### ASSIGNED TASK
The data below should be retyped exactly, with the pictures left out.
** MATERIAL SUPPLIED follows **
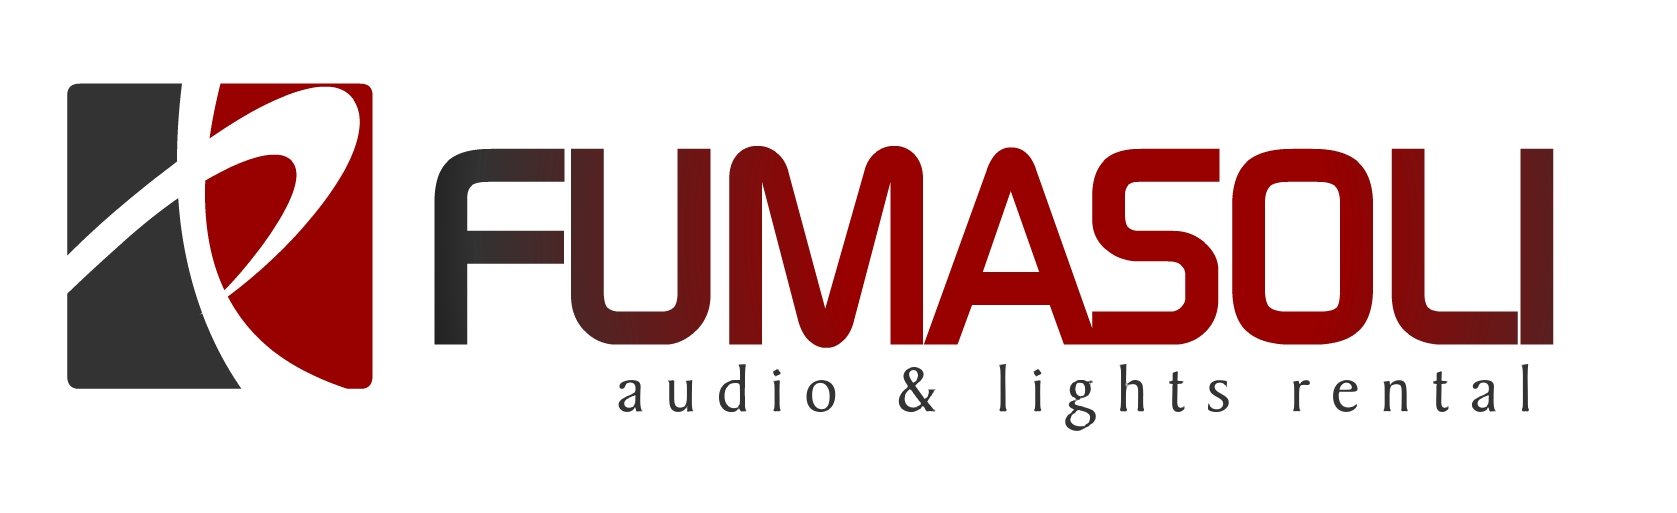 HOME fumasoli audio &  lights rental
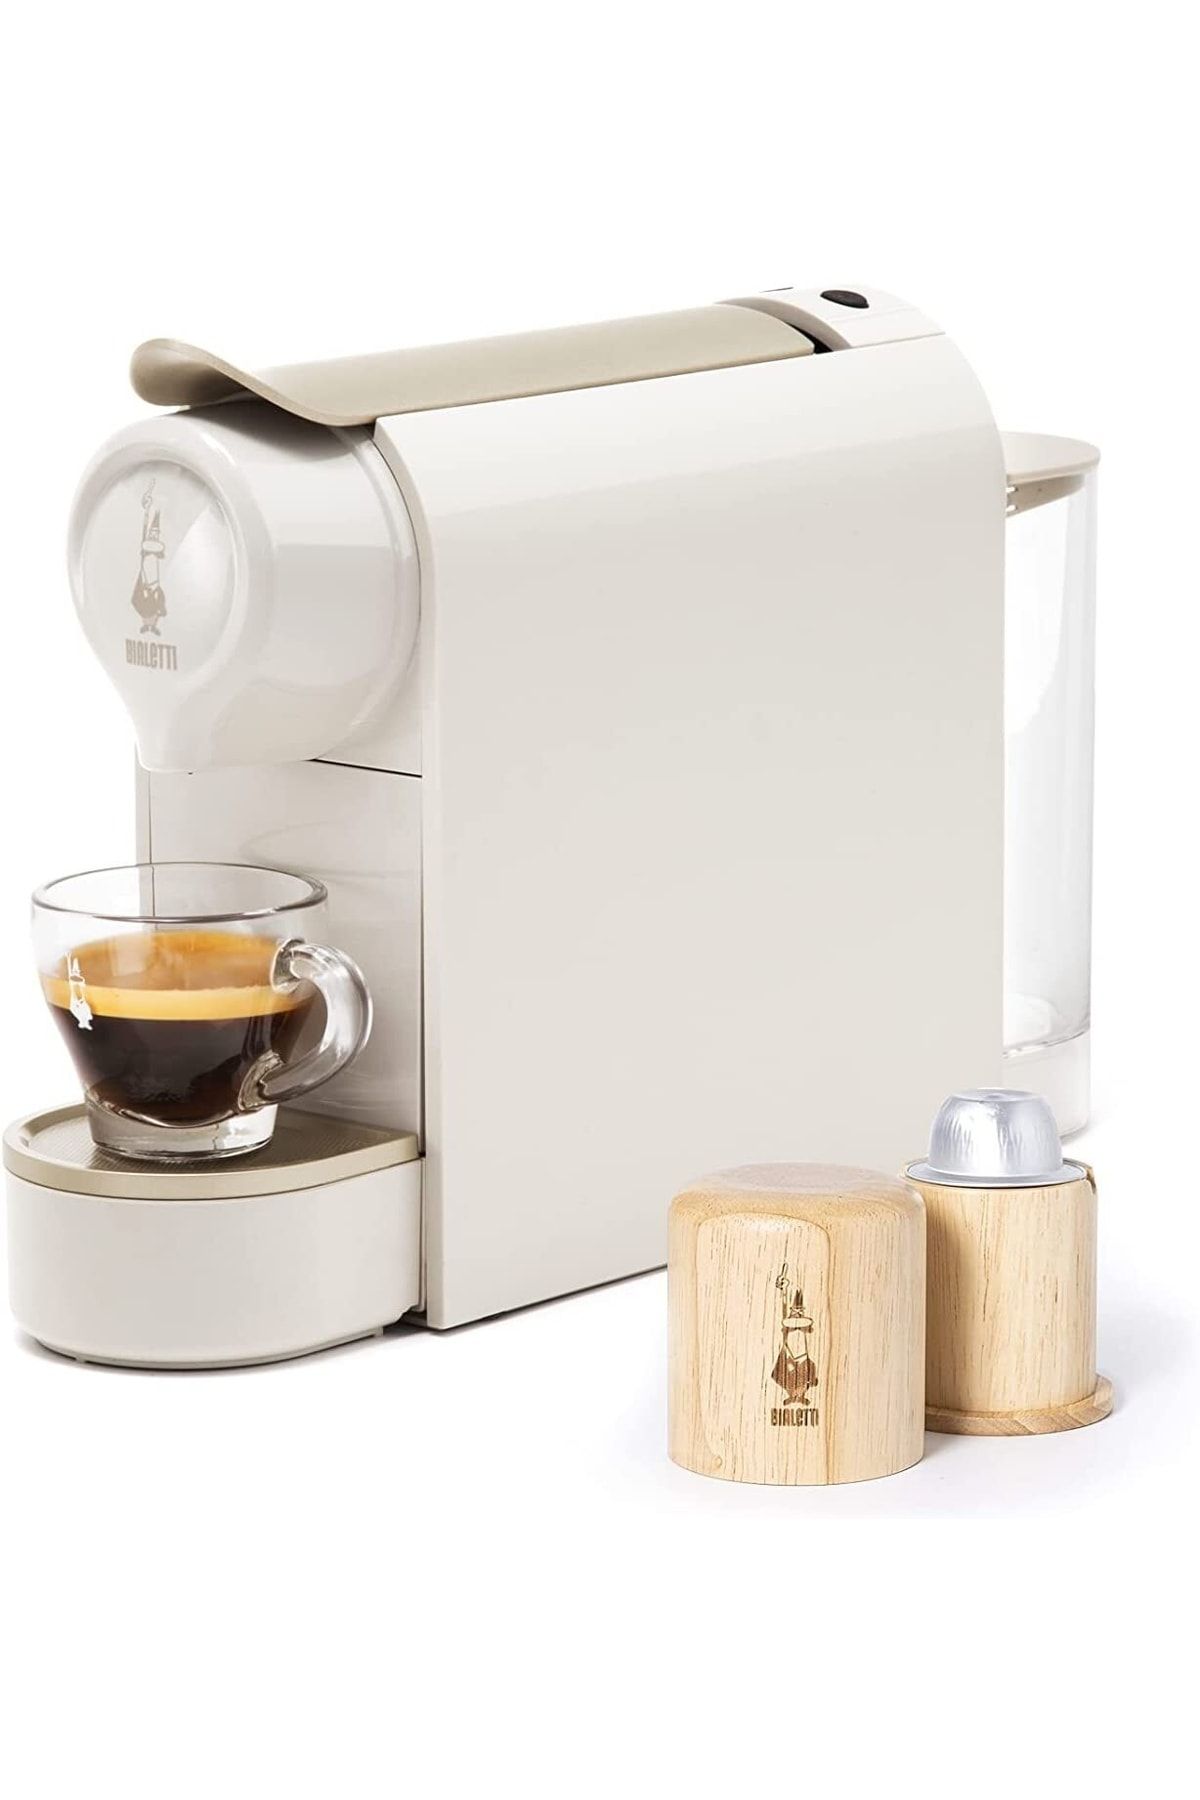 Bialetti Joy Responsible, Alüminyum Kapsüller Için Espresso Kahve Makinesi, Supercompatta, Tank
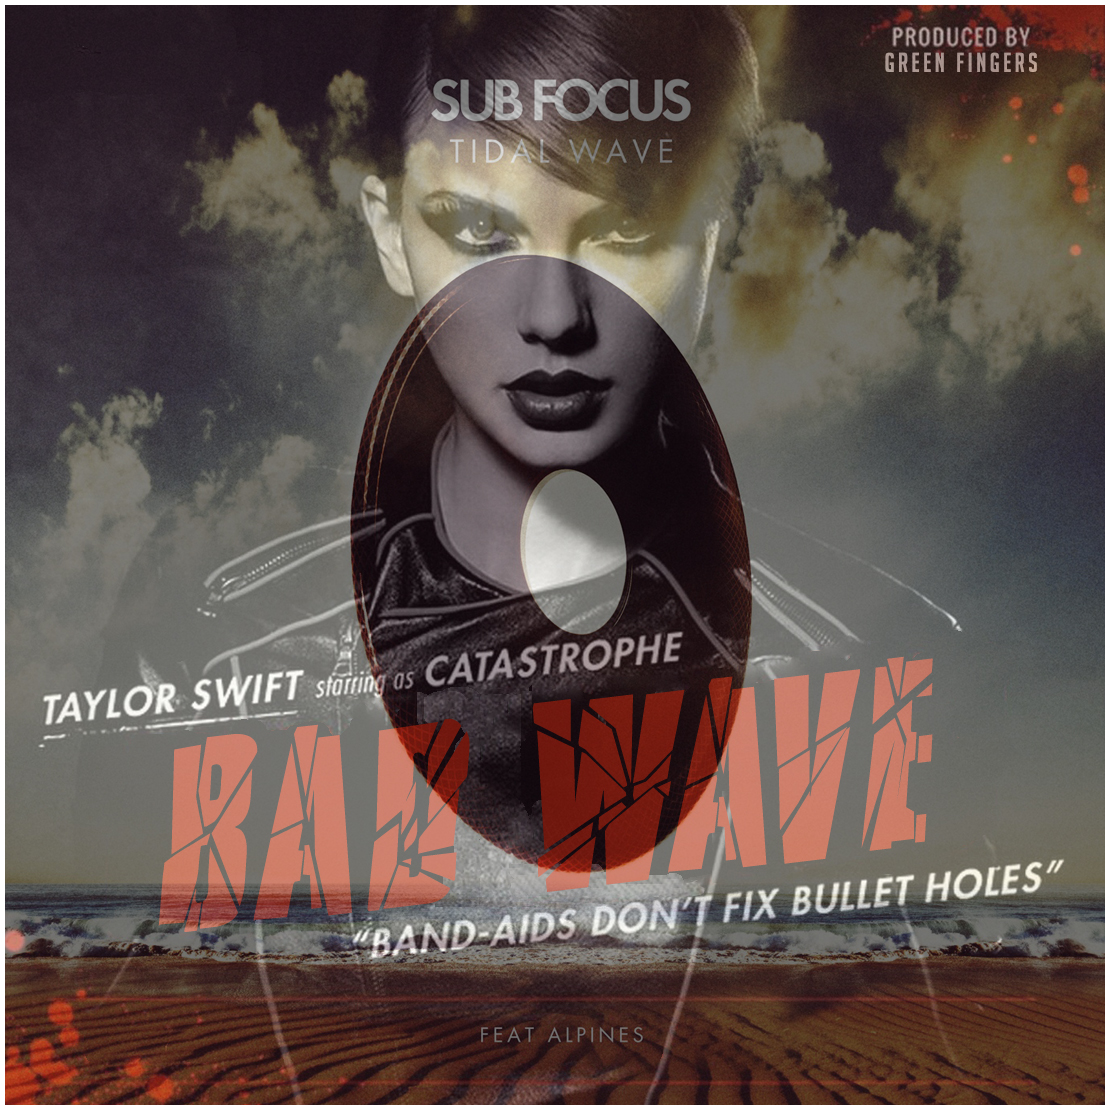 Taylor Swift vs Sub Focus cover
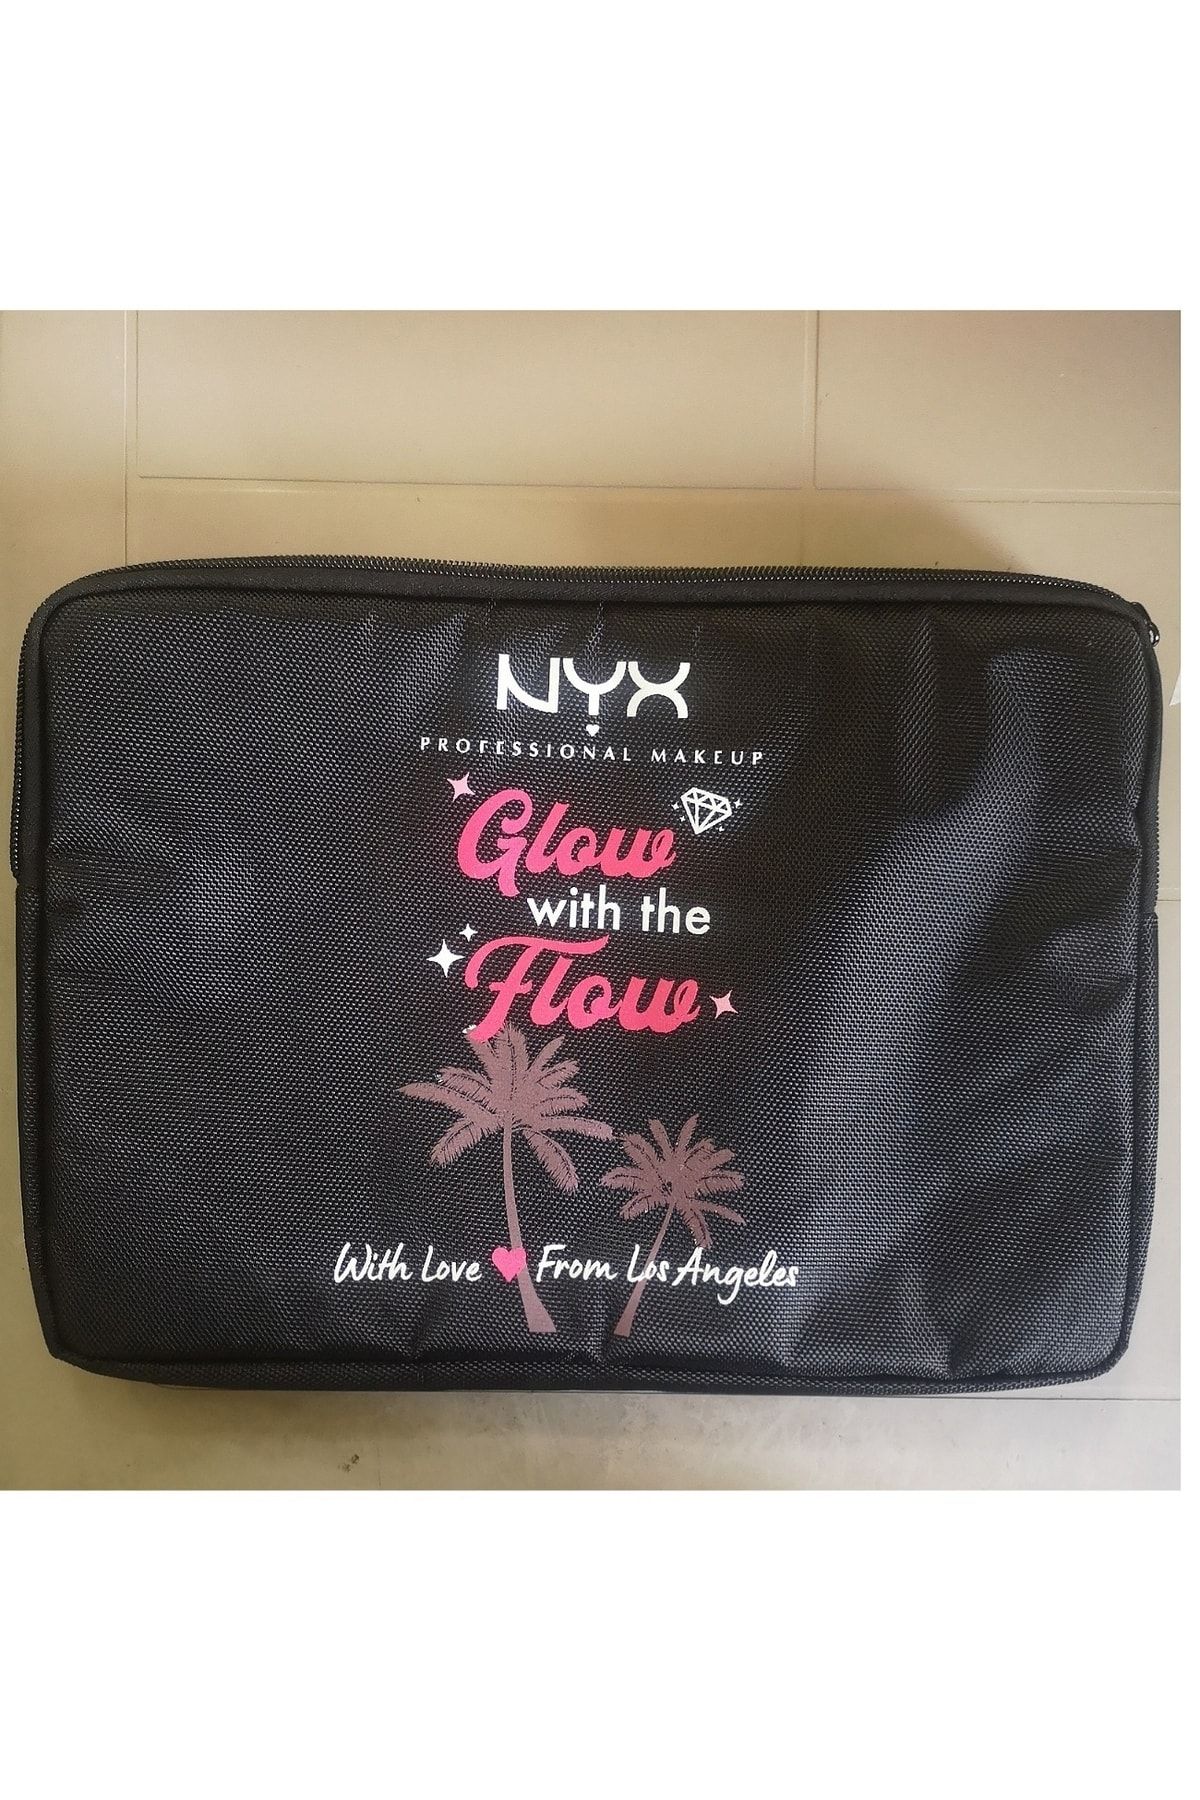 NYX Professional Makeup کیف آرایشی سیاه با طراحی شیک و مناسب برای محصولات آرایشی
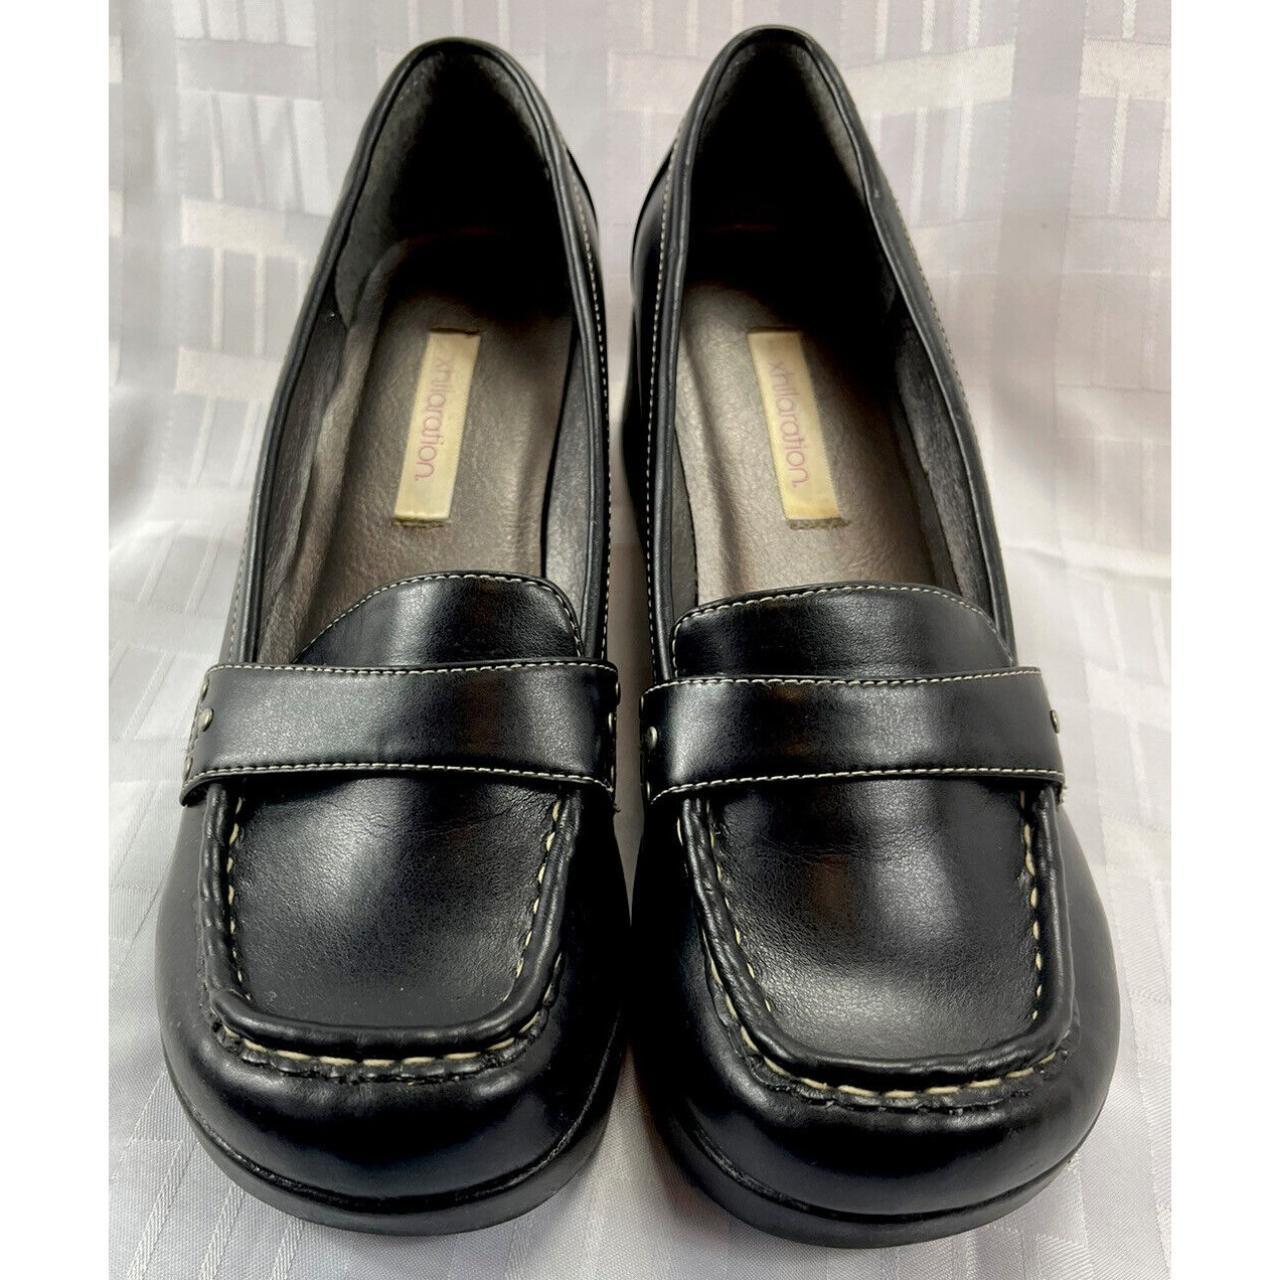 exhilaration flat shoes heel Size 7.5 Black Comfort... - Depop
** End of MATERIAL SUPPLIED **
### SOLVED PROBLEM
 HOME fumasoli audio &  lights rental
 Bialetti Joy Responsible, Alüminyum Kapsüller Için Espresso Kahve Makinesi, Supercompatta, Tank
 Taylor Swift vs Sub Focus cover
 NYX Professional Makeup کیف آرایشی سیاه با طراحی شیک و مناسب برای محصولات آرایشی
 exhilaration flat shoes heel Size 7.5 Black Comfort... - Depop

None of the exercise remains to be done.